TASK REQUIREMENTS:
With pictures left out, output exactly the lines from the line holding "2015 MERCEDES-BENZ GL-Class" through the end of the data, both included.

SUPPLIED INFORMATION:
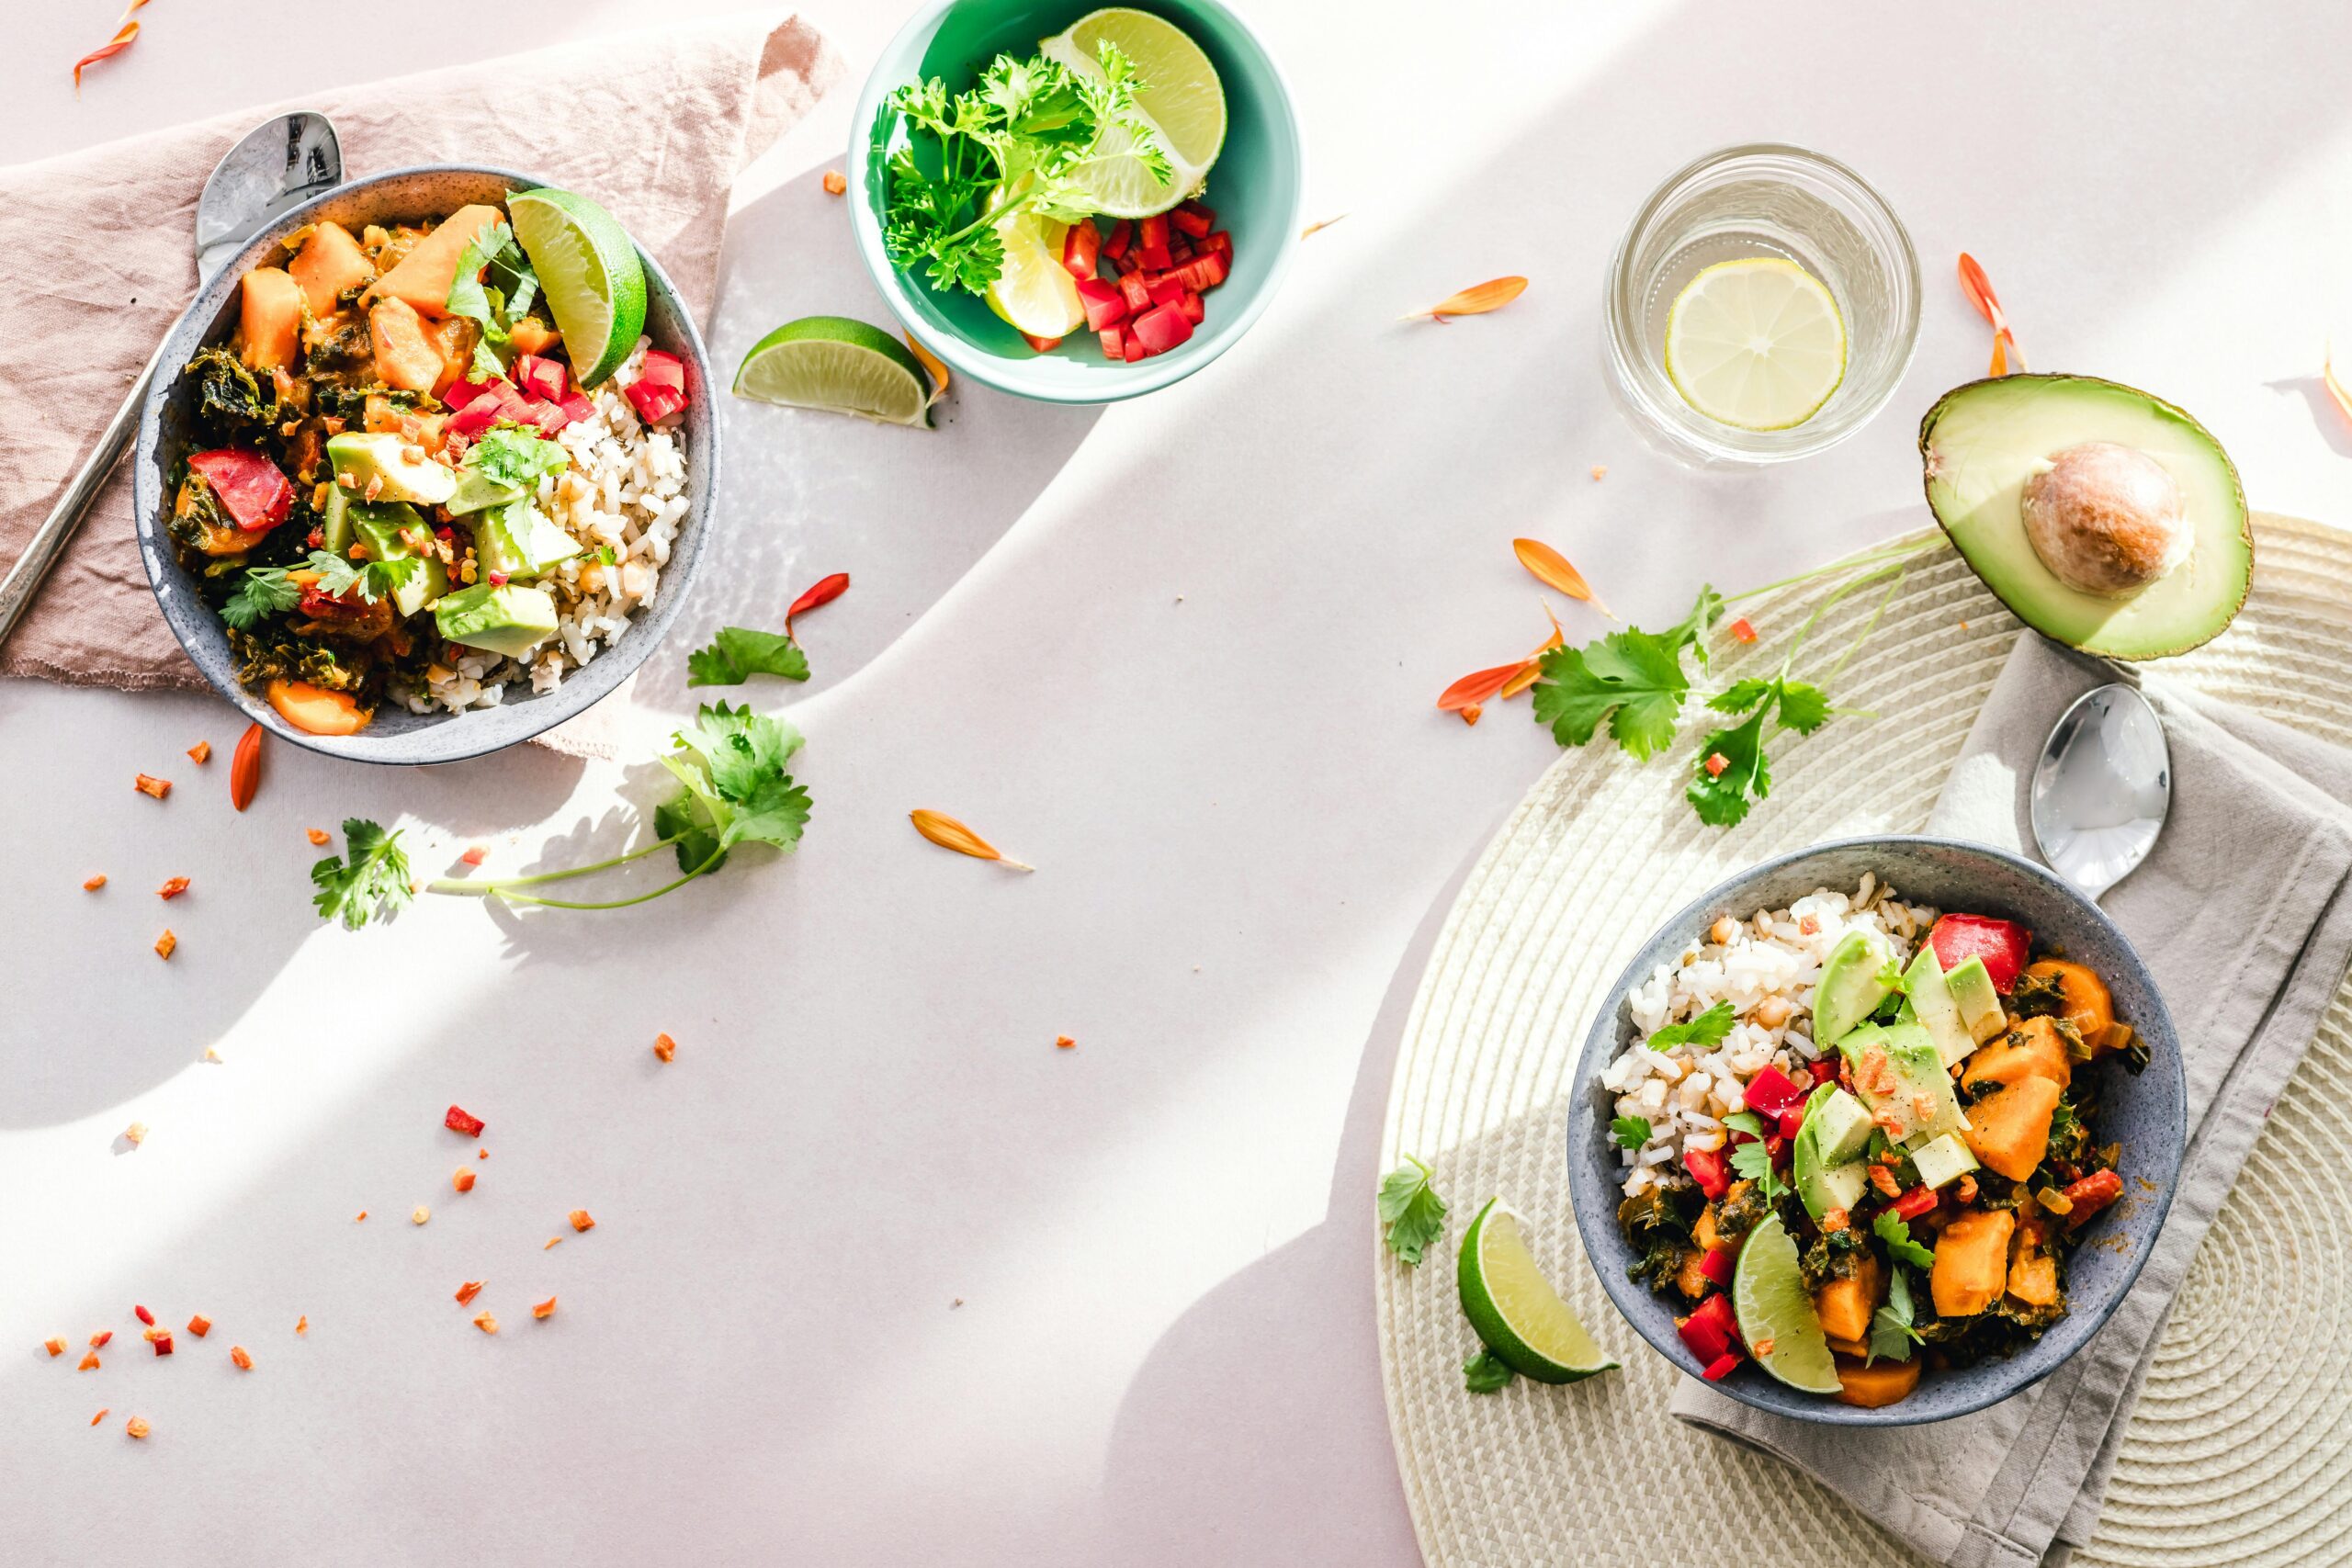 Two bowls of colorful food including avocado, rice, and vegetables are on a light surface with scattered herbs and lime wedges. Nearby, a bowl of lime slices and a glass of lemon water reflect the vibrancy of community dining.
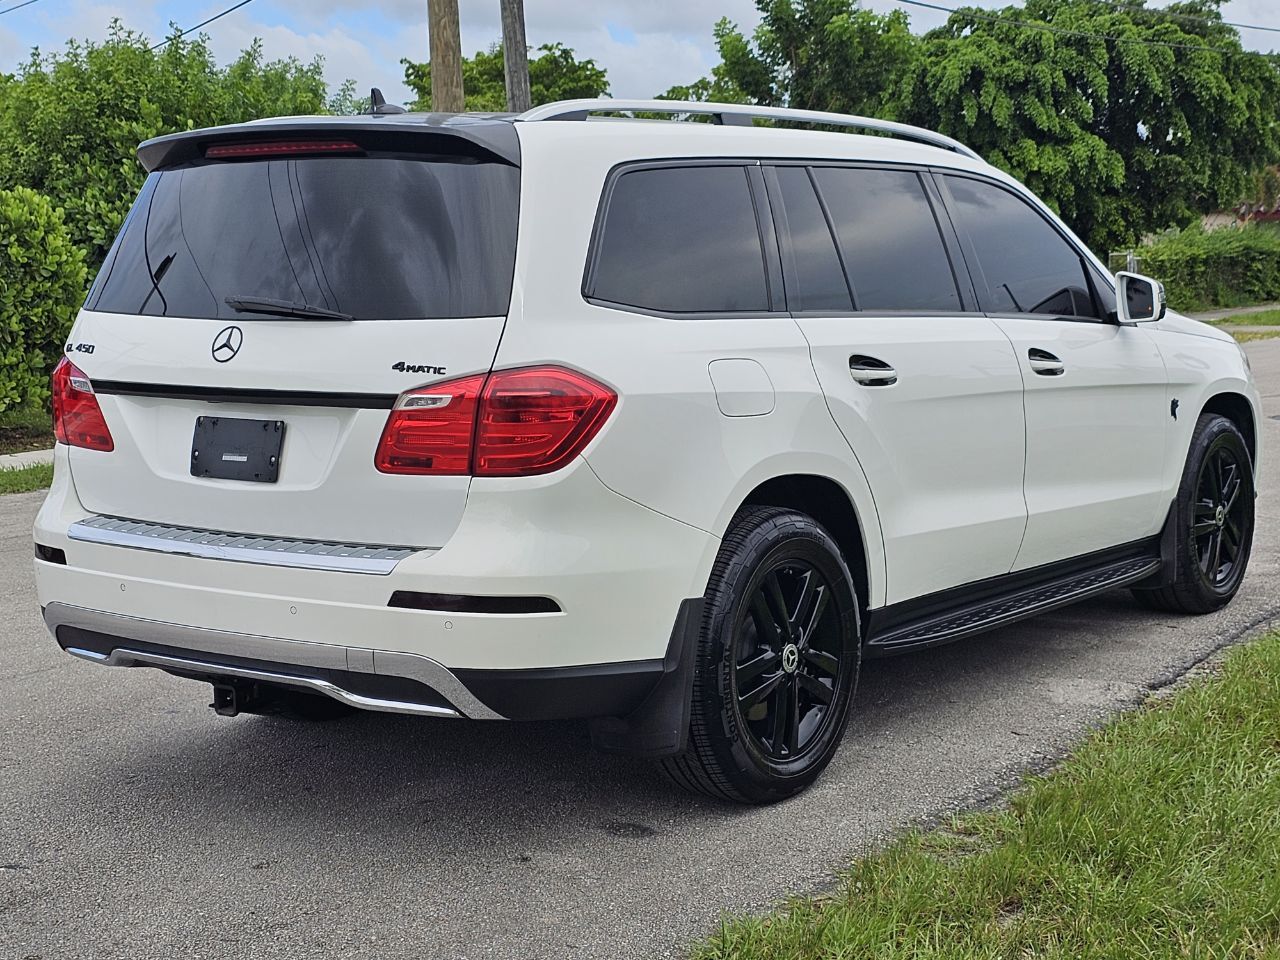 2015 MERCEDES-BENZ GL-Class SUV / Crossover - $13,845
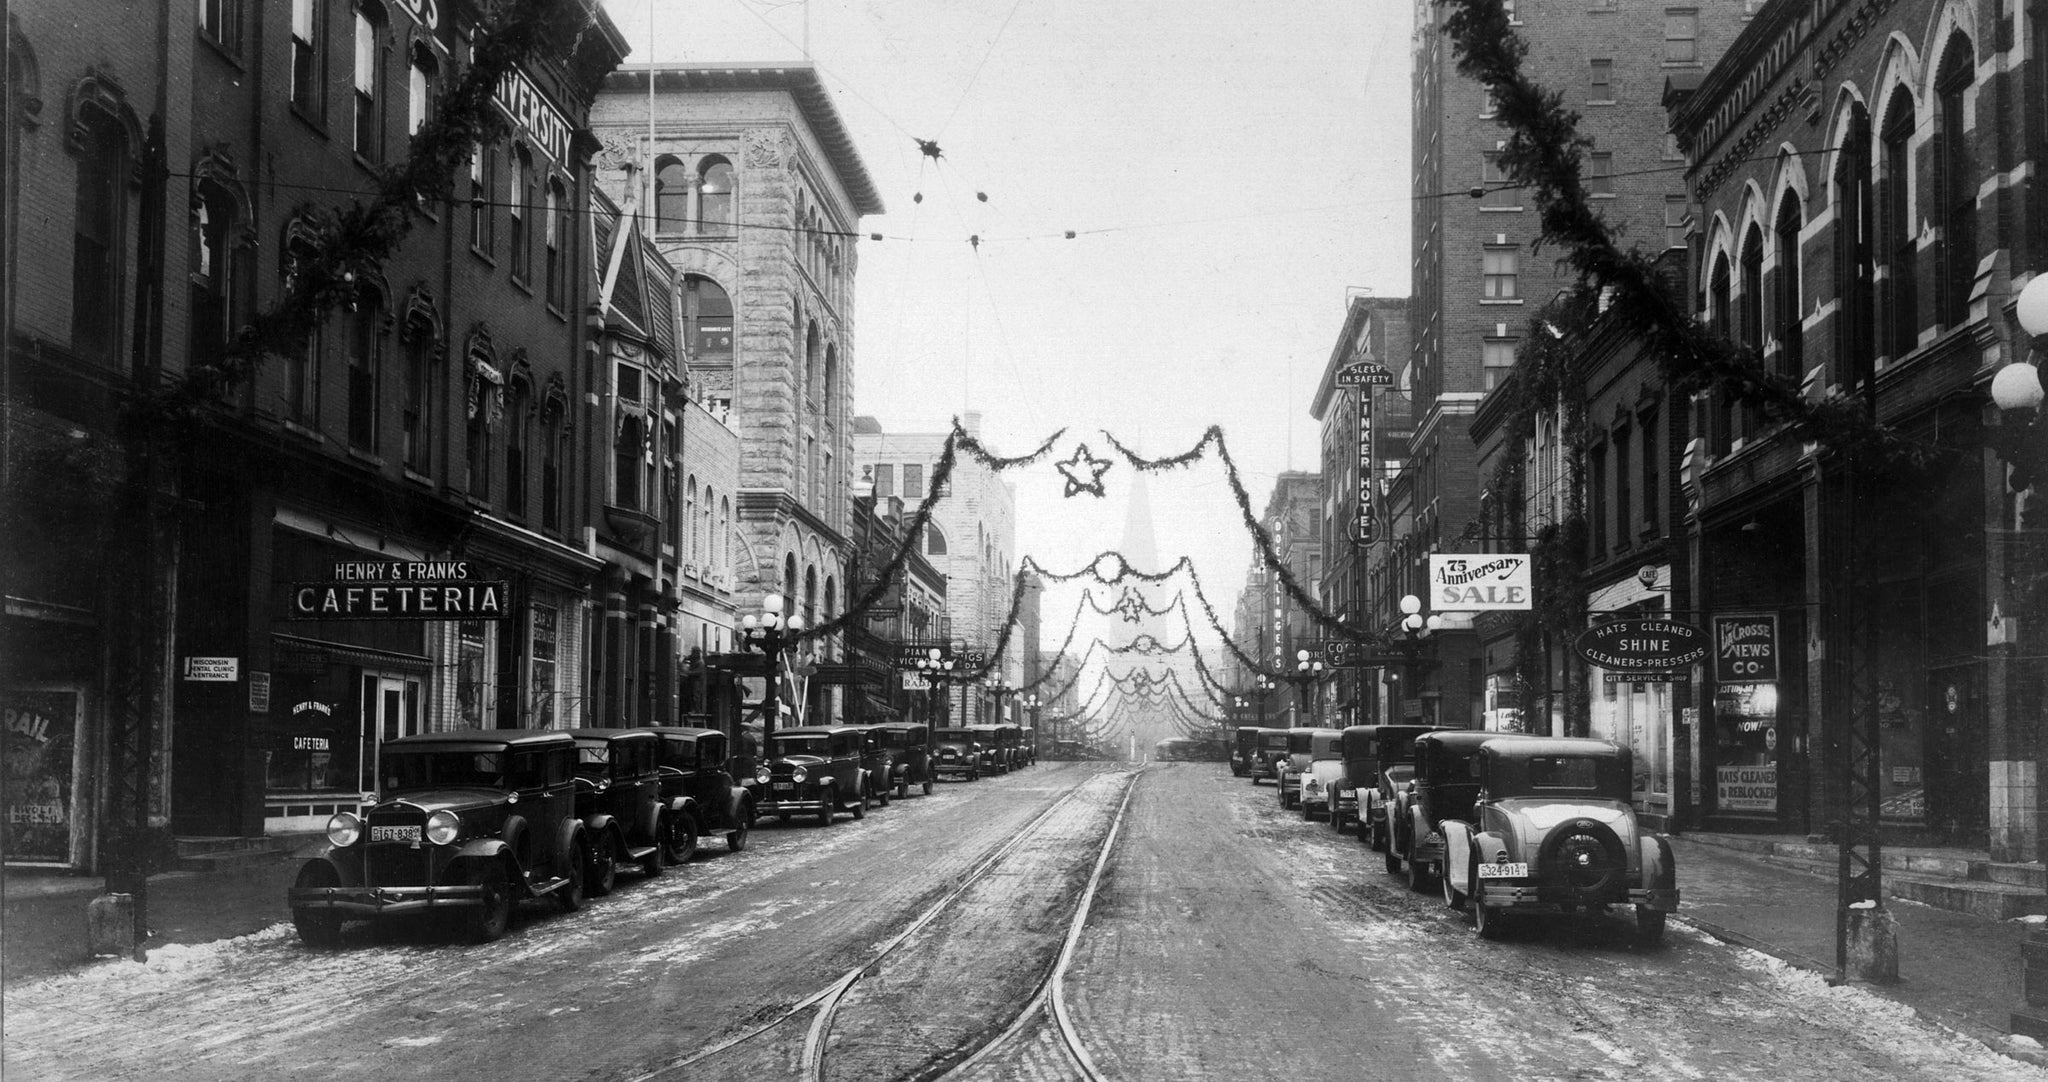 Looking east at the Christmas decorations on Main Street in 1930. -- LA CROSSE PUBLIC LIBRARY AND LA CROSSE COUNTY HISTORICAL SOCIETY / PC020-01-24-010

OUTPUT OF THE EXERCISE:
 2015 MERCEDES-BENZ GL-Class SUV / Crossover - $13,845
 Looking east at the Christmas decorations on Main Street in 1930. -- LA CROSSE PUBLIC LIBRARY AND LA CROSSE COUNTY HISTORICAL SOCIETY / PC020-01-24-010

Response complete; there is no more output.